The car that ‘runs’ on water (III)

Letter August 04, 2012
The media is also ignorant, especially in the way it is portraying the issue.

ISLAMABAD: I, too, am sceptical about the so-called ‘water car’. However, the media is also ignorant, especially in the way it is portraying the issue. So, perhaps, we should try and examine the science behind it.

The thing to see is whether the energy produced by the combustion of hydrogen (which in turn depends on the mass of hydrogen produced and its calorific value) is greater than the electrical energy put into separating it from water. If that does happen, then this claim may be true. The point to note is that the electrical energy input for electrolysis is not the source of power, which is contained in the chemical energy in the hydrogen.

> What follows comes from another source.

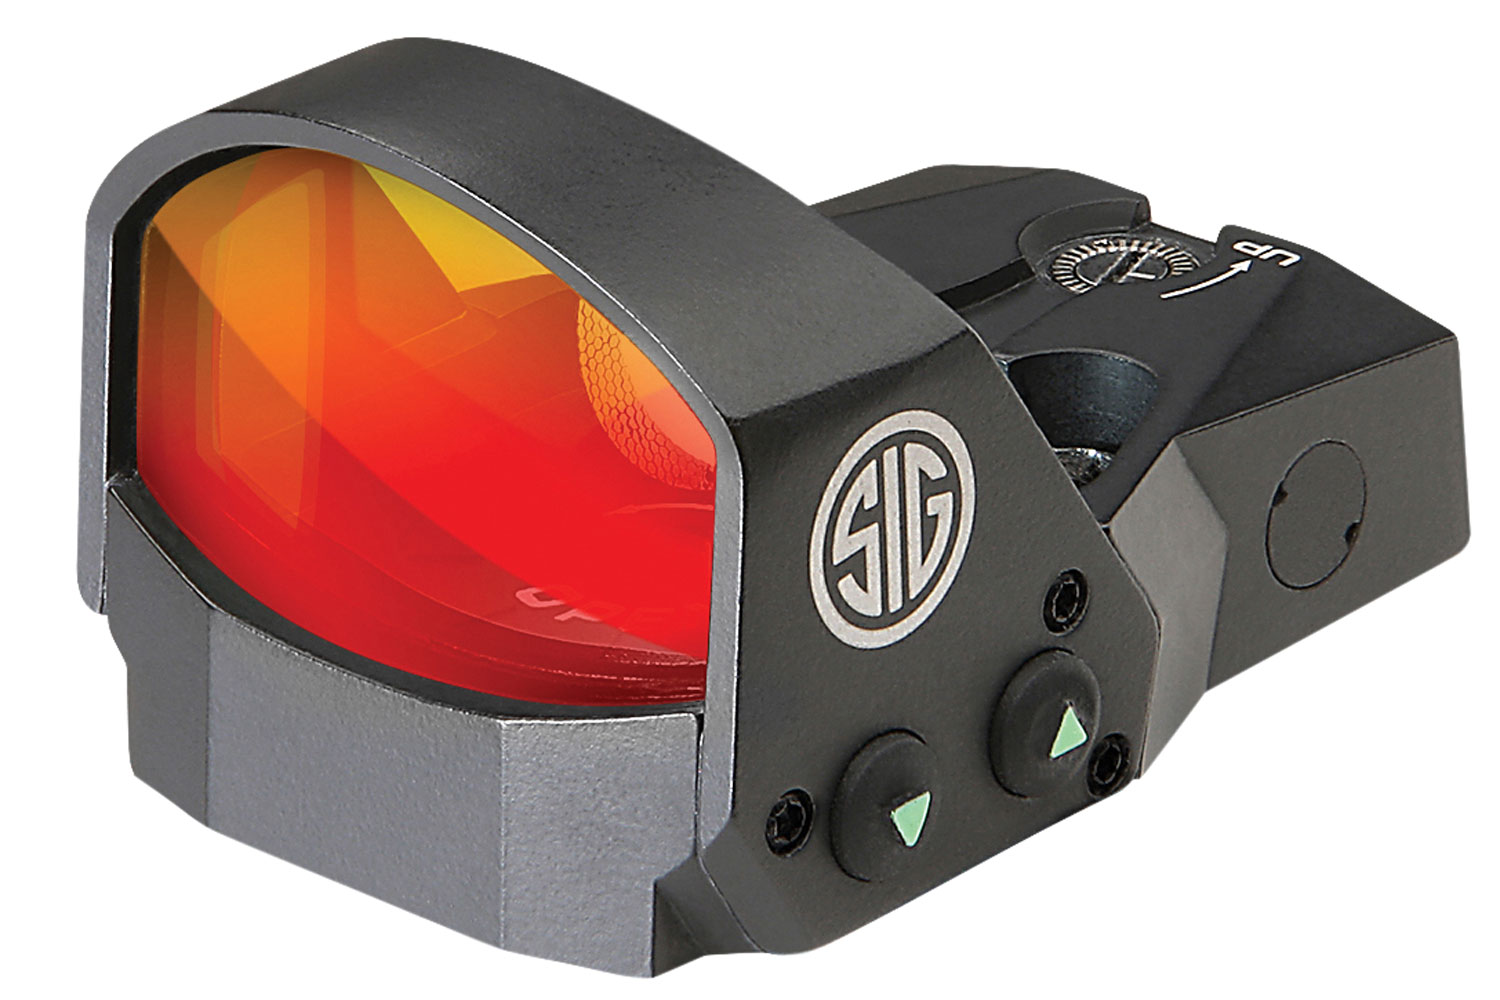 Sig Sauer Electro-Optics SOR11600 Romeo1  Black 1x 30mm 6 MOA Illuminated Red Dot Reticle

Consider the following analogy: use a small electrical charge to set off a tonne of explosives, and then use some of the energy released by the explosion to create another electrical charge to set off another tonne of explosives, and so on. No thermodynamic laws will be violated, since the explosives are being replenished. For the case of the ‘water car’, oxygen in the air replenishes the hydrogen during combustion to produce water.

Delving into the chemistry: the OH-H bond broken during electrolysis must require less energy than the energy released when whatever bonds are formed during the combustion — this, for the claim to be true. Keeping in mind that atmospheric oxygen plays a part, this is not a closed system. This energy balance must be favourable for the car to work, and this may turn out to not be the case.

Saad Malik

Published in The Express Tribune, August 5th, 2012.